● SUPPLIED DATA
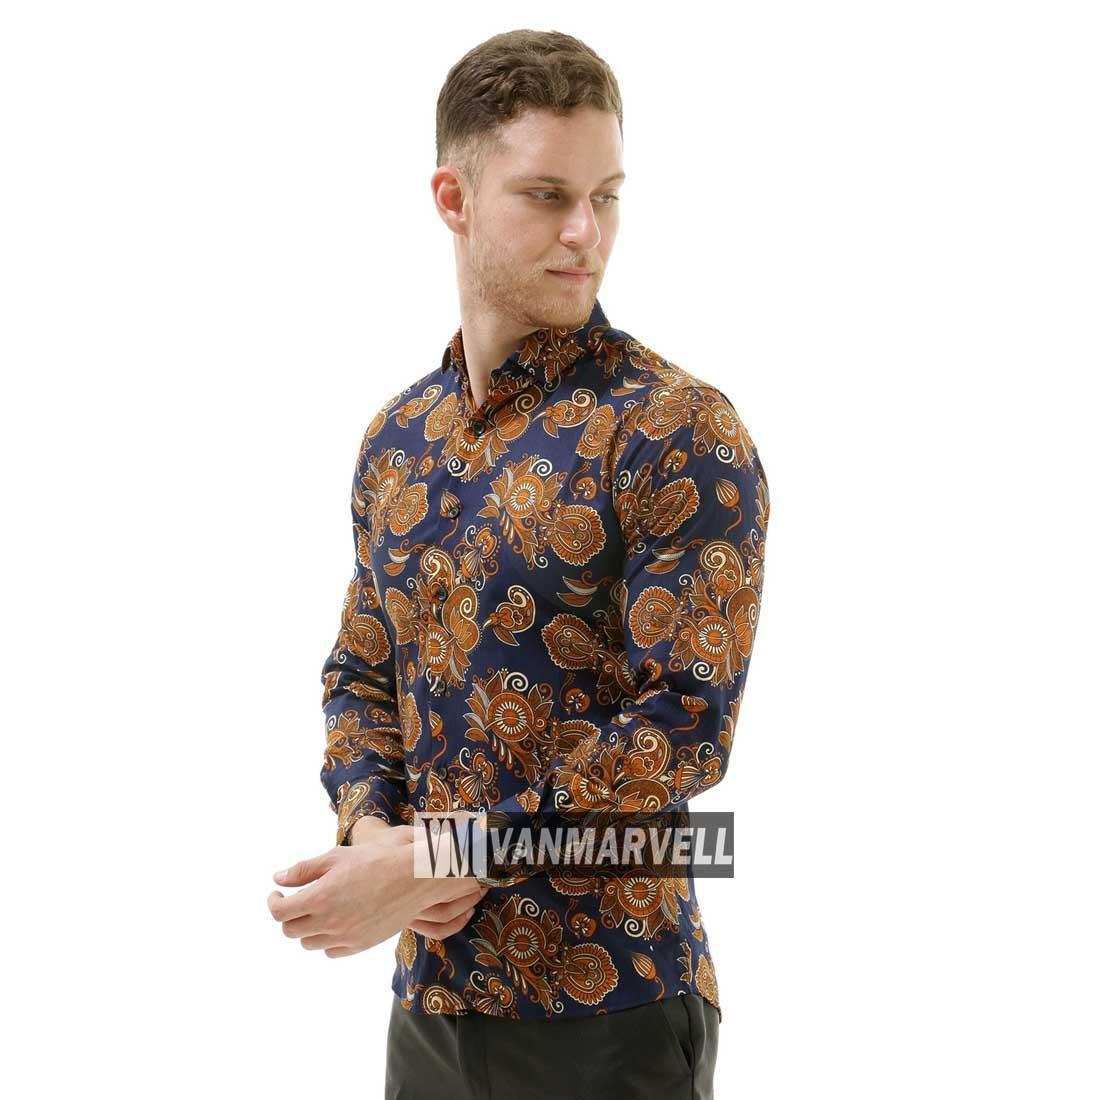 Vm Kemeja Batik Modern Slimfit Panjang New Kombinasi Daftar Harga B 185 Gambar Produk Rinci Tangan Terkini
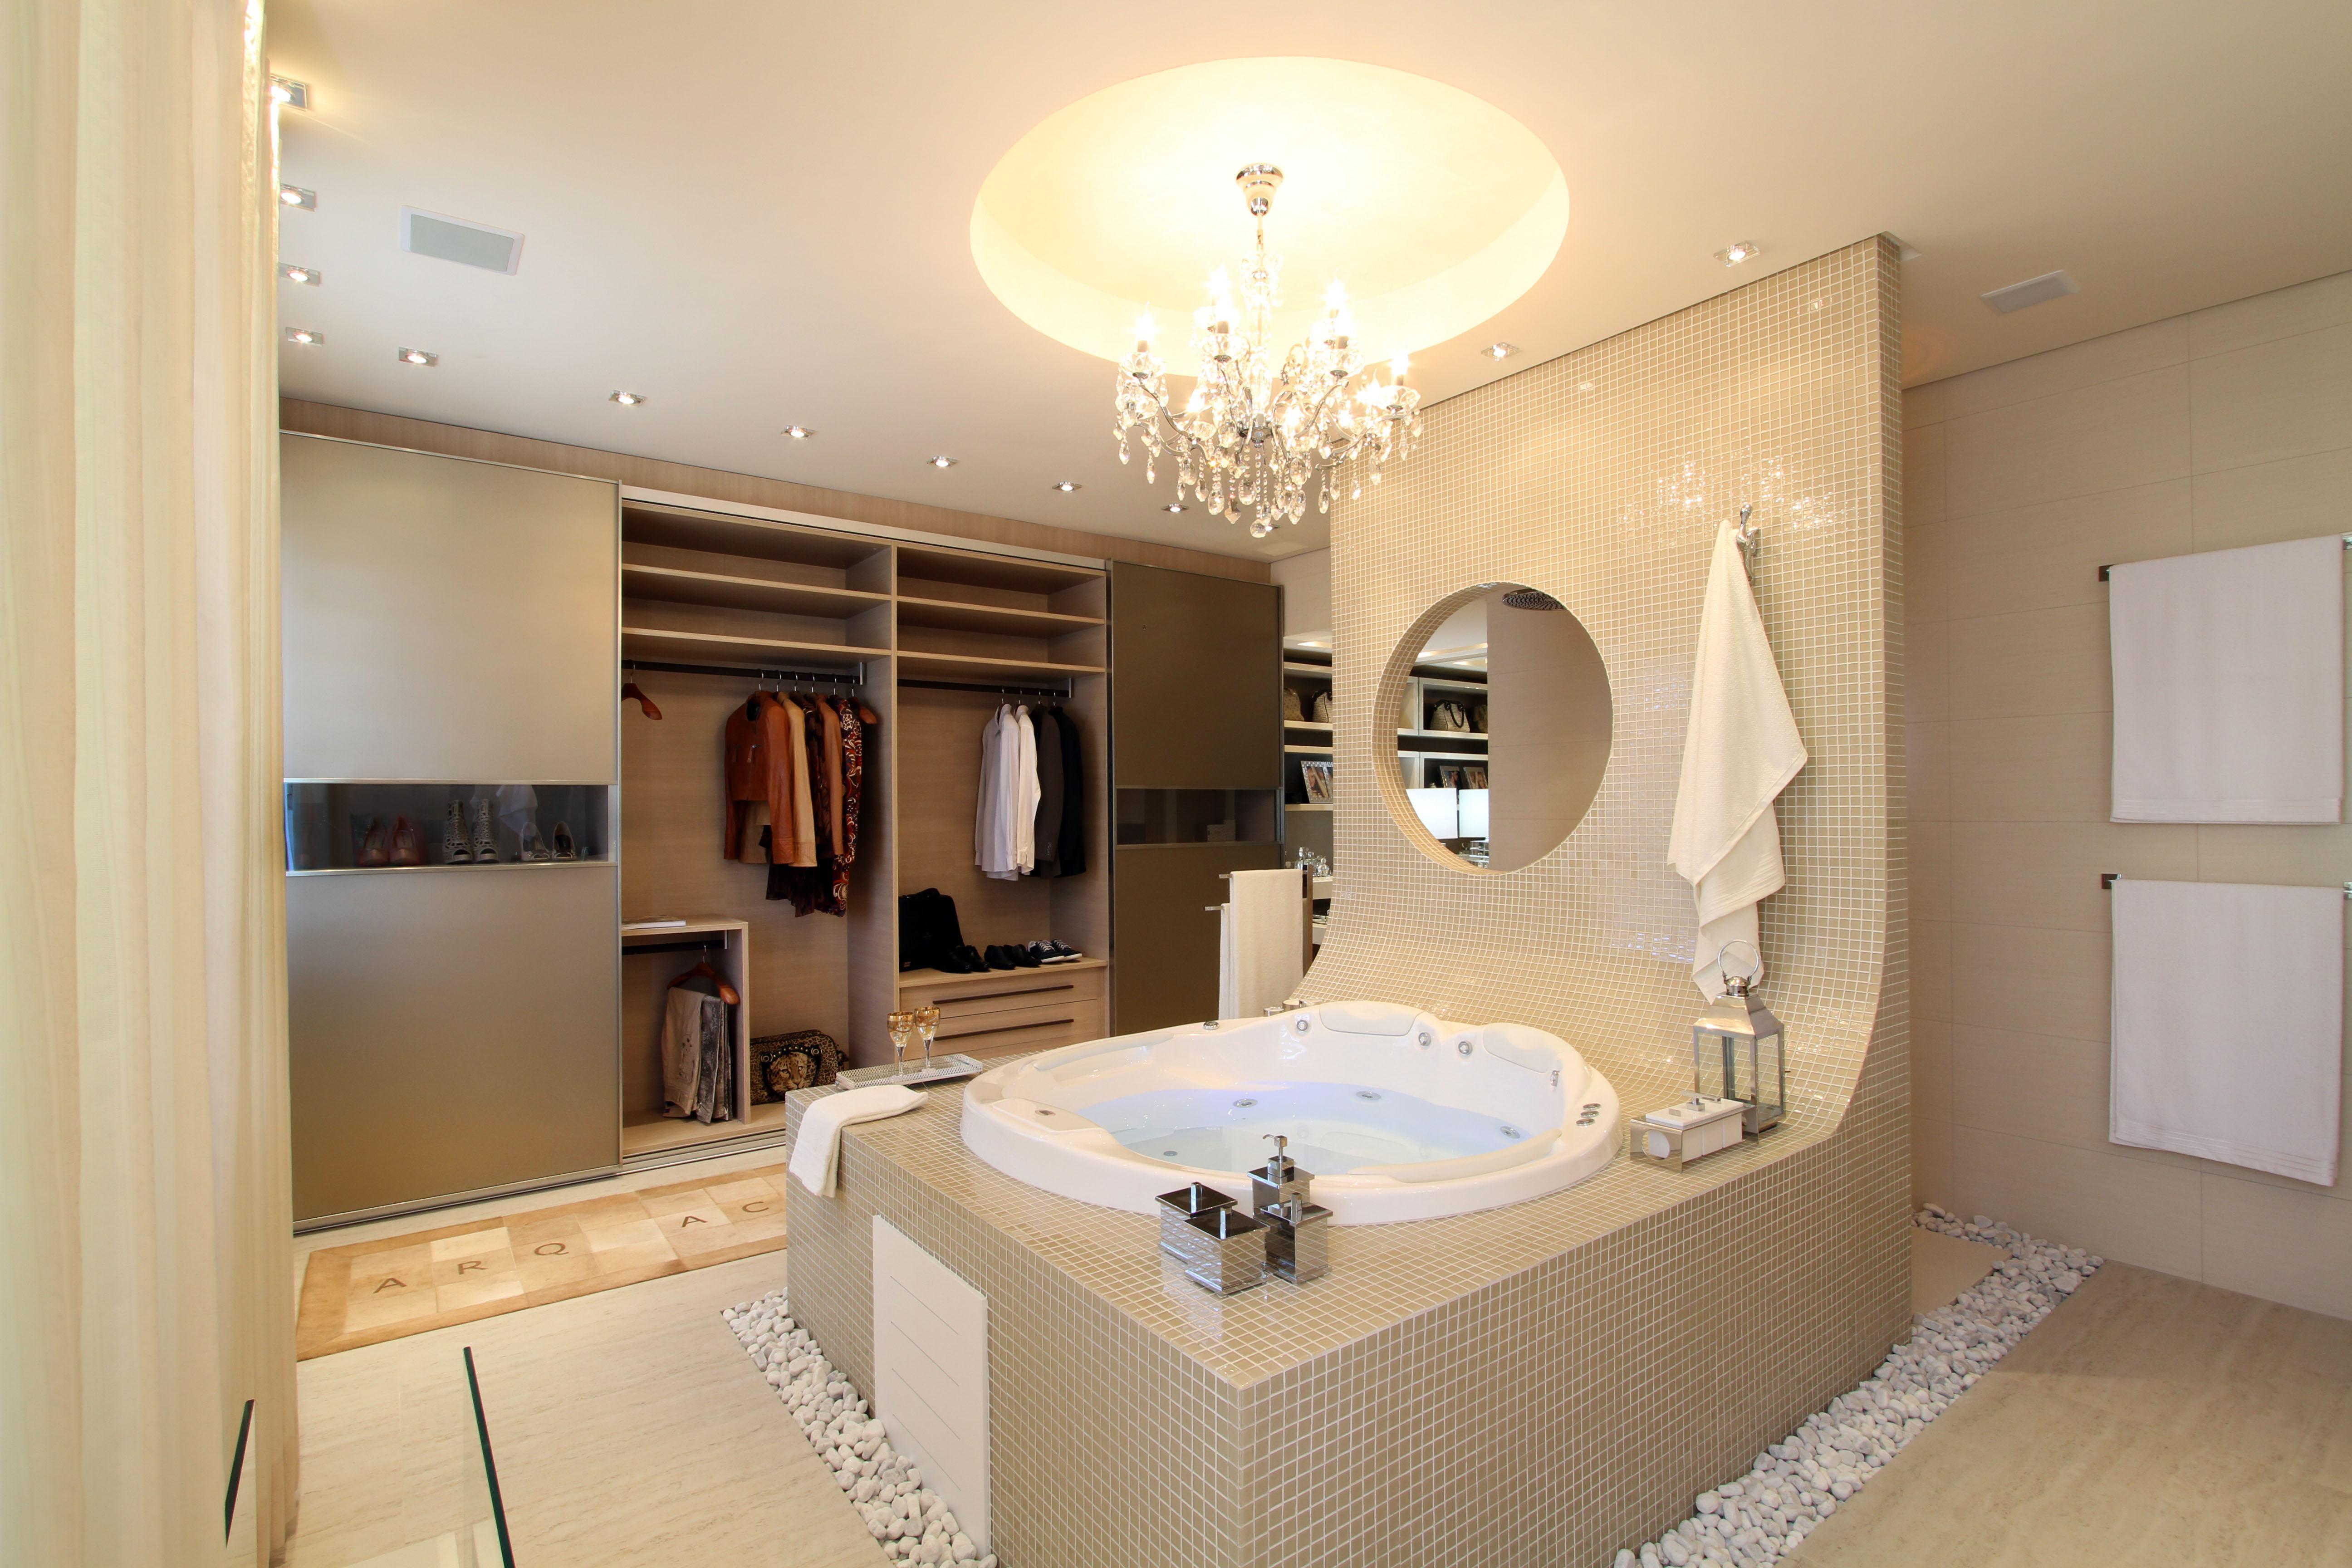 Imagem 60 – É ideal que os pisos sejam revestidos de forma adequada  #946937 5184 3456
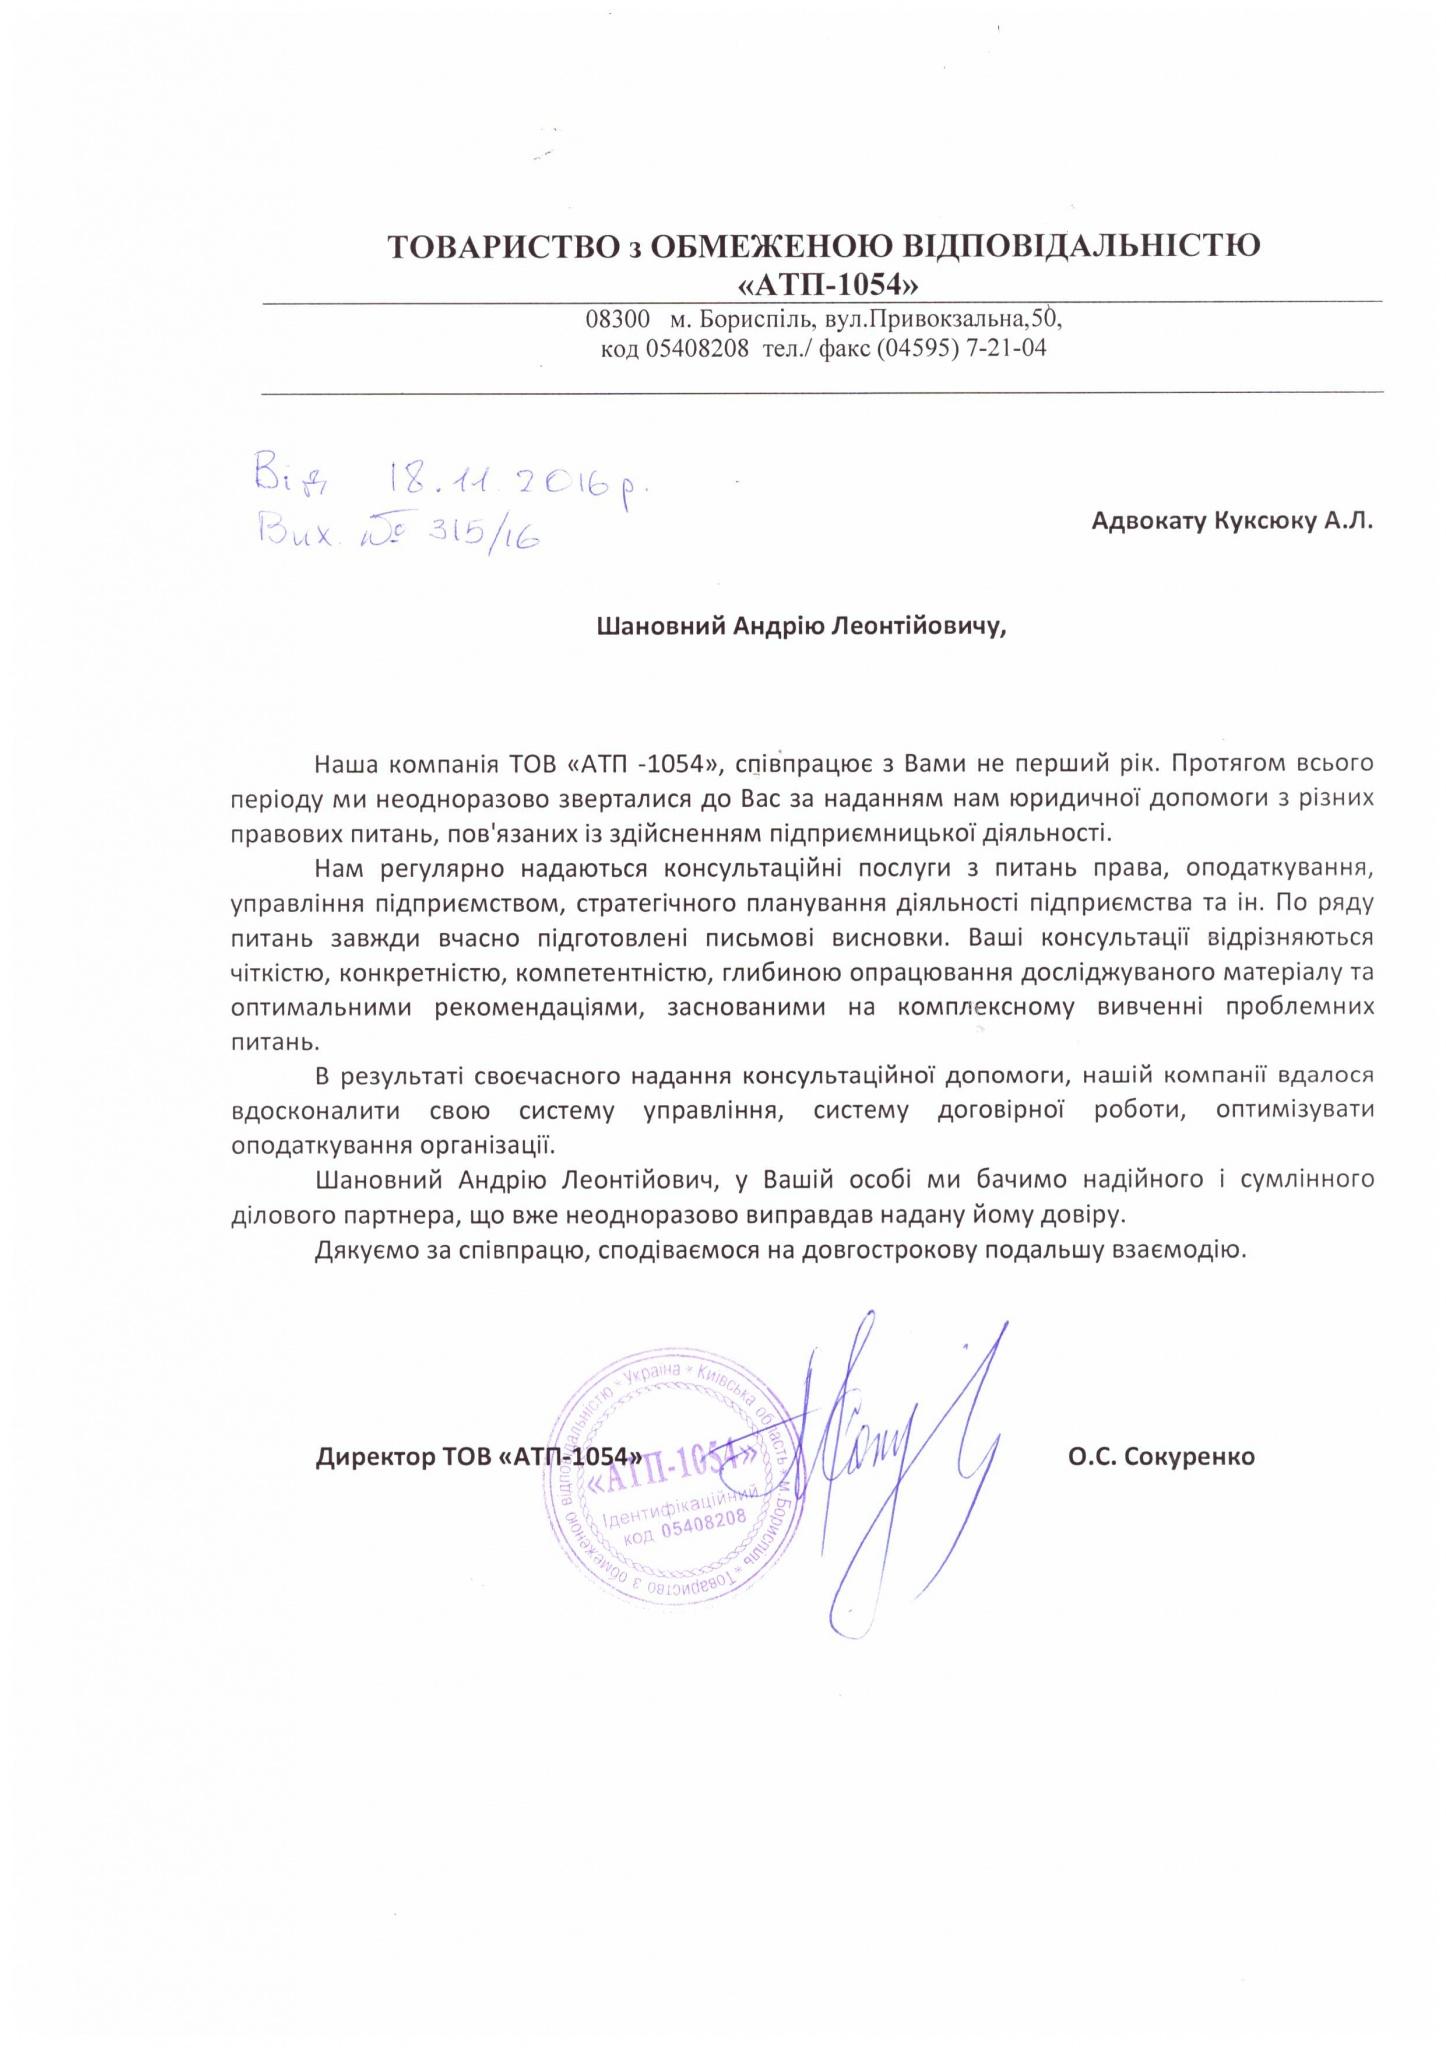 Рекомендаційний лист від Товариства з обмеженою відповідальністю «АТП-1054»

● TASK TO CARRY OUT
Word for word, restate all of the material, omitting the images.

● OUTPUT OF THE EXERCISE
 Vm Kemeja Batik Modern Slimfit Panjang New Kombinasi Daftar Harga B 185 Gambar Produk Rinci Tangan Terkini
 Imagem 60 – É ideal que os pisos sejam revestidos de forma adequada  #946937 5184 3456
 Рекомендаційний лист від Товариства з обмеженою відповідальністю «АТП-1054»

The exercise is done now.